PROOF: Given isosceles triangle ABC with line AB = line BC, I can construct BD, the angle bisector of angle B. Then, by the definition of an angle bisector, I know that angles ABD = angles CBD. I also know that line segments are congruent to themselves, so line BD = line BD by the reflexive property of congruence. I now have two pairs of sides and an included angle that are congruent, so I know that triangle ABD = triangle CBD by the SAS congruence theorem.
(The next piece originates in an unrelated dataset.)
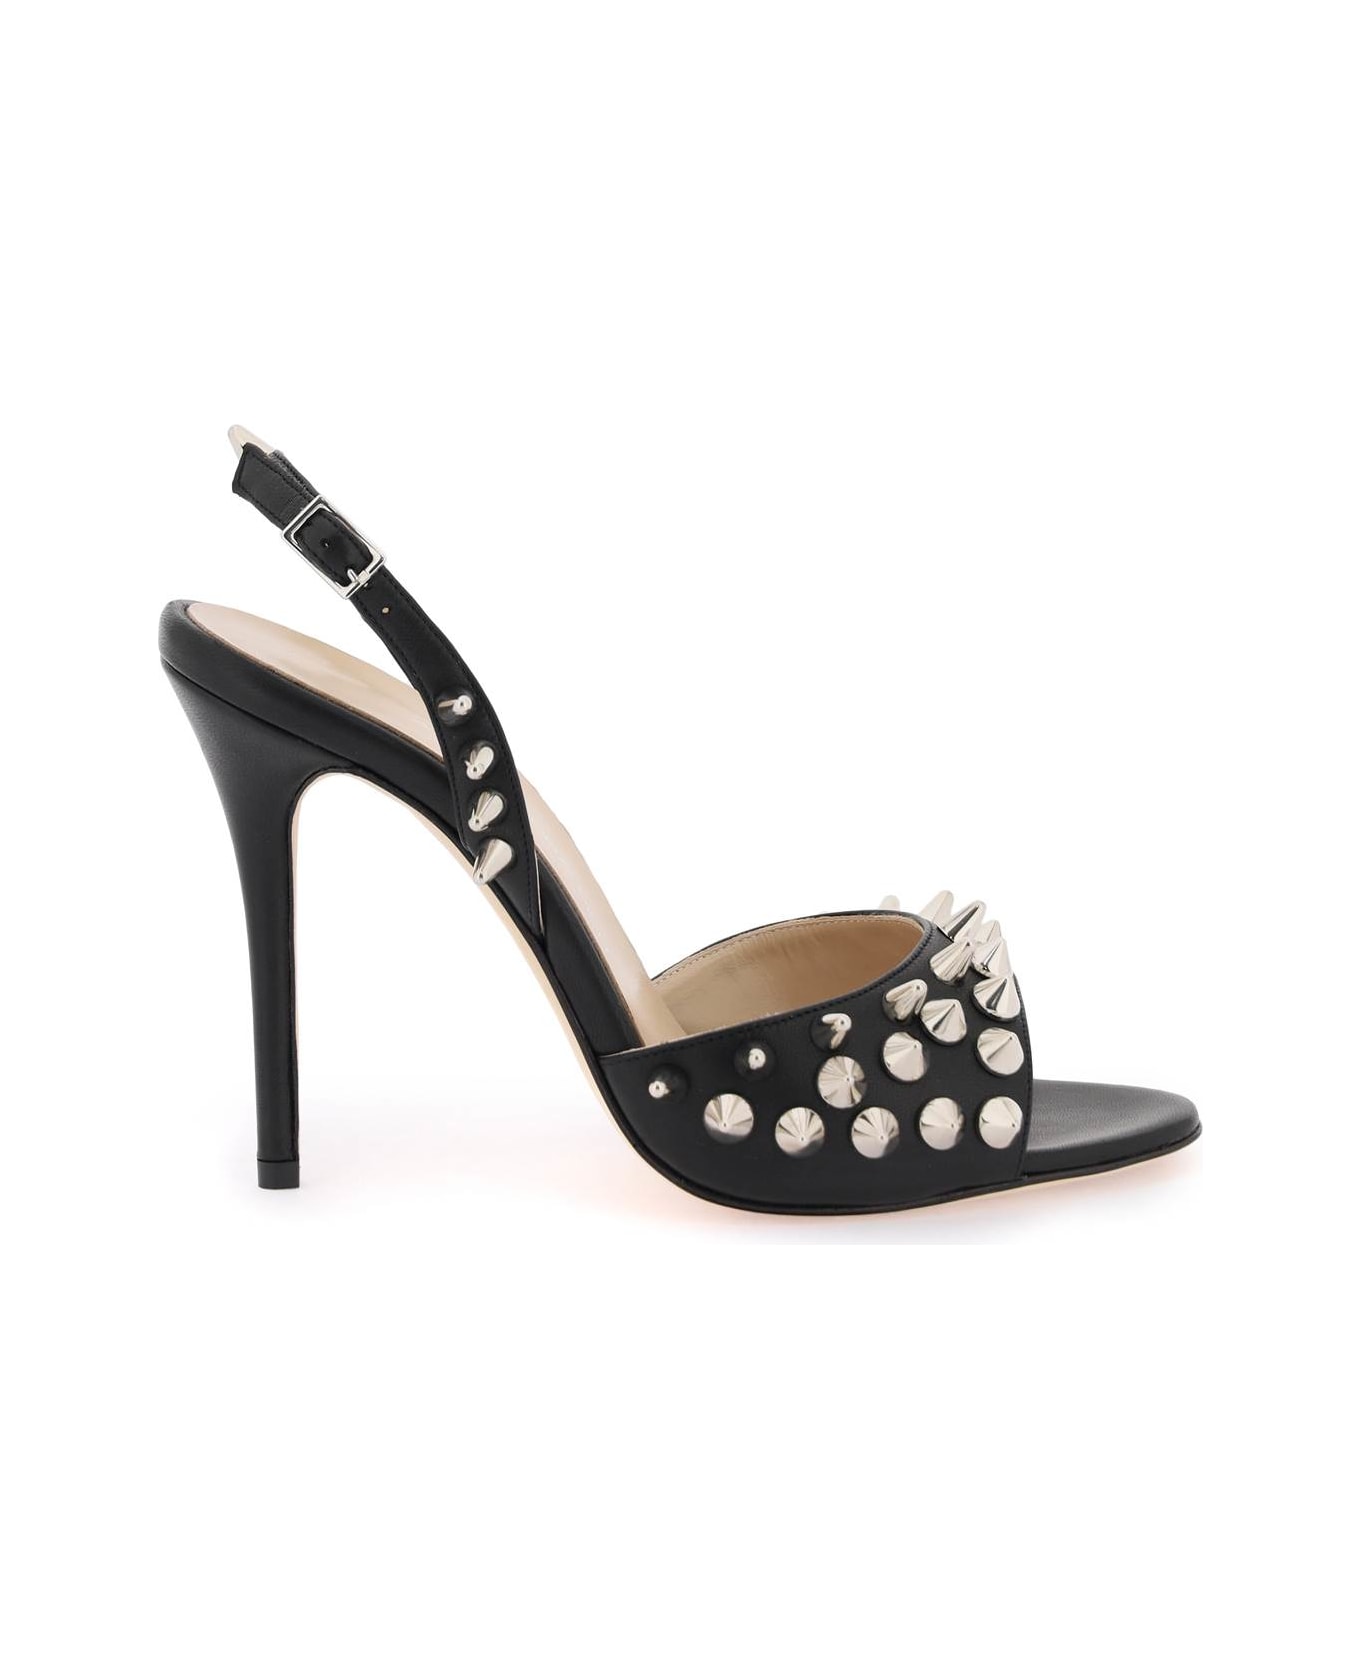 Alessandra Rich Sandals With Spikes - BLACK (Black)

Which statement should be placed at the end of the proof?

Question

A. Finally, corresponding parts of congruent triangles are congruent by the CPTCP Theorem, so line AB = line BC
B. Finally, corresponding parts of congruent triangles are congruent by the CPTCP Theorem, so angle A = angle B
C. Finally, corresponding parts of congruent triangles are congruent by the CPTCP Theorem, so angle A = angle C.
D. Finally, angle A = angle C by the Base Angles Theorem.

GPT-4o mini · Answer

The correct choice to conclude the proof is:

D. Finally, angle A = angle C by the Base Angles Theorem.

This is appropriate because, in an isosceles triangle (like triangle ABC, where AB = BC), the angles opposite the congruent sides (angles A and C) must also be congruent. The proof establishes the congruence of triangles ABD and CBD, thus leading to the conclusion that angles A and C are congruent by the Base Angles Theorem.